We also evaluated the methylation status of other cell population in patients whose MNCs showed hypermethylation of the p15^INK4B gene (Fig 5). In patient no. 26, PB-PMN cells at CMMoL phase showed the methylated pattern as well as BM-MNCs at the leukemic phase, which evolved over a period of 1 month. In patient no. 3, T lymphocytes in PB at the leukemic phase and PB-PMN cells at the CR phase showed the unmethylated pattern, in contrast to BM-MNCs at the leukemic phase. Because it was reported that the clonality of MDS may not be involved in T lymphocytes and that most MDS patients may achieve a polyclonal remission,34 35 our results suggest that hypermethylation of the p15^INK4B gene may be involved in a clonal population, but not in a polyclonal (normal) population. It may occur de novo during the process of disease progression of MDS.

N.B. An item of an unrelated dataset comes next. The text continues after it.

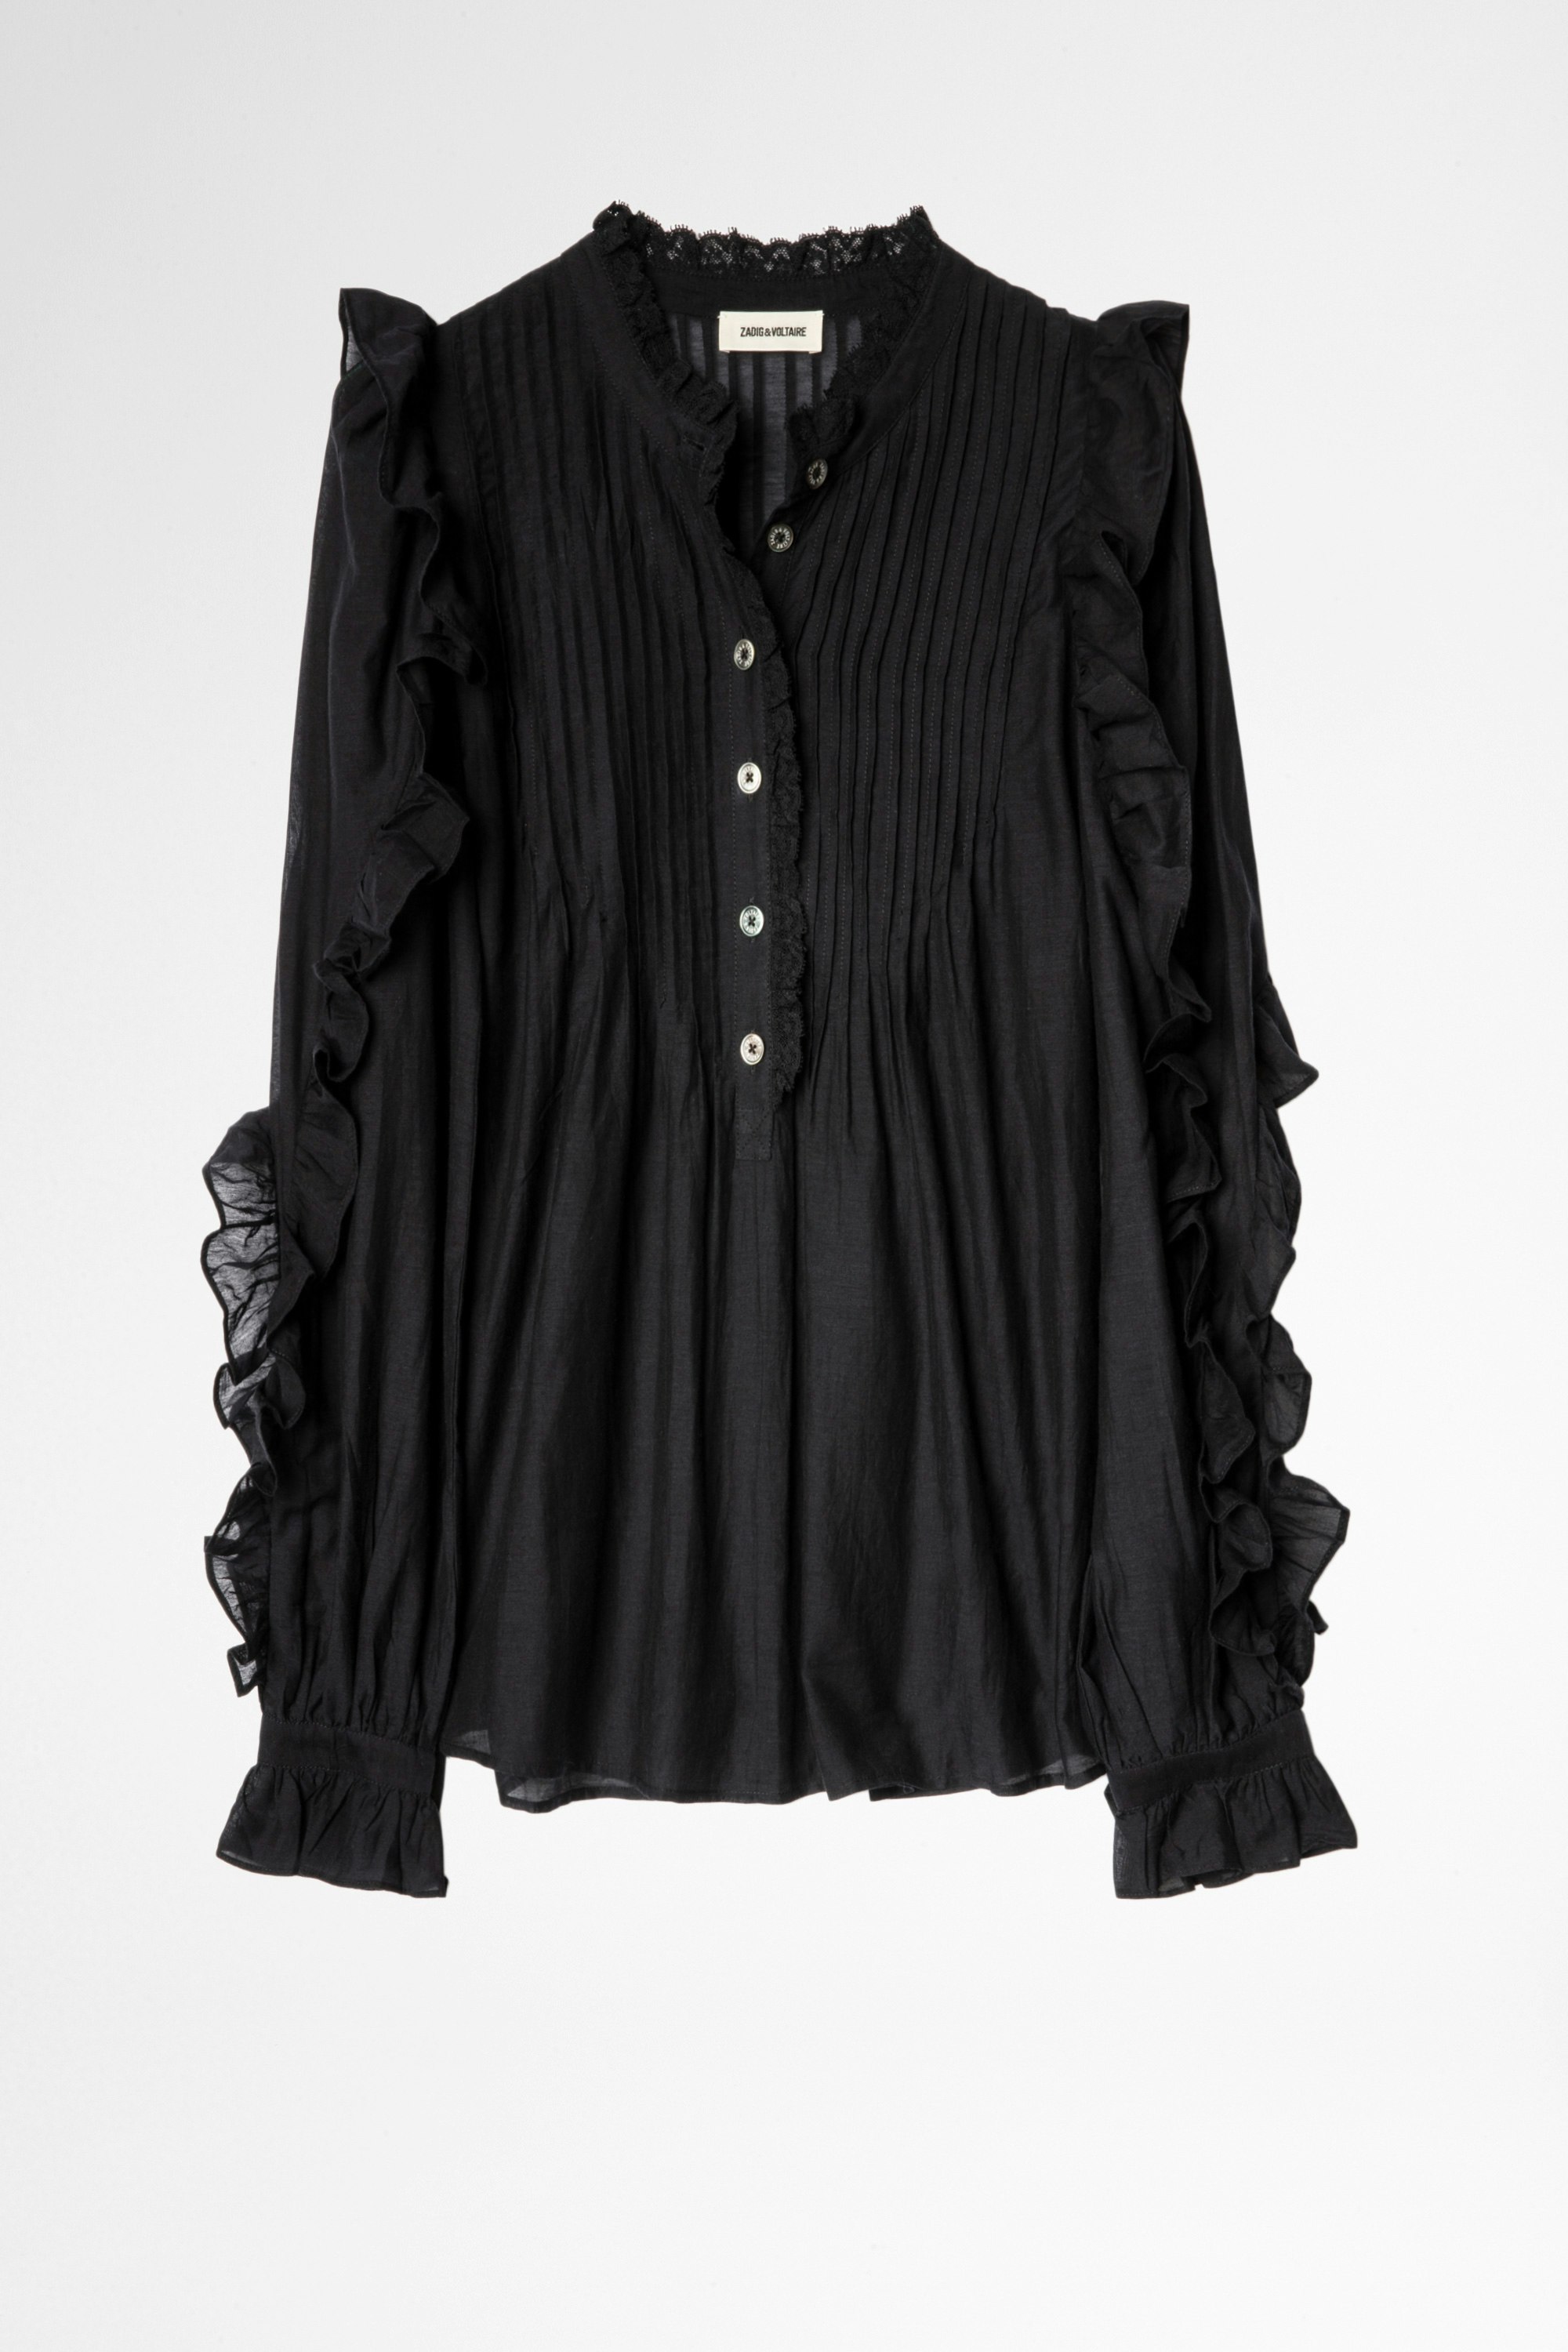 Timmy Tomboy Tunic - Zadig&Voltaire women's  black cotton tunic.

Survival in patients with MDS paralleled the likelihood of development of leukemia.19 Even in RA, approximately 10% of patients evolved to OL and had poor prognosis. So, it is important to determine the prognostic index for leukemic transformation. In present study, we analyzed 10 samples obtained at RA state. Two of them progressed to RAEB and OL in a short period and died (patients no. 2 and 26; they were included in RAEB and OL subtypes, respectively). These 2 patients showed apparent hypermethylation of the p15^INK4B gene since RA state (Fig 2B, lane 6, and Fig 6, respectively). In contrast, the remaining 8 patients showed intact p15^INK4B gene, except for only 1 patient (patient no. 16), and retained the stable clinical status. These results indicate that progression of MDS is rare in RA patients with intact p15^INK4B gene, and hypermethylation of the p15^INK4B gene may be a useful prognostic marker in RA.

The authors thank Drs A. Ichikawa (Gifu Tajimi Prefecture Hospital, Tajimi, Japan), T. Murase (Toyota Memorial Hospital, Toyota, Japan), and H. Mizuno (Cyukyo Hospital, Nagoya, Japan) for allowing us to examine clinical samples and for providing information about their patients with MDS.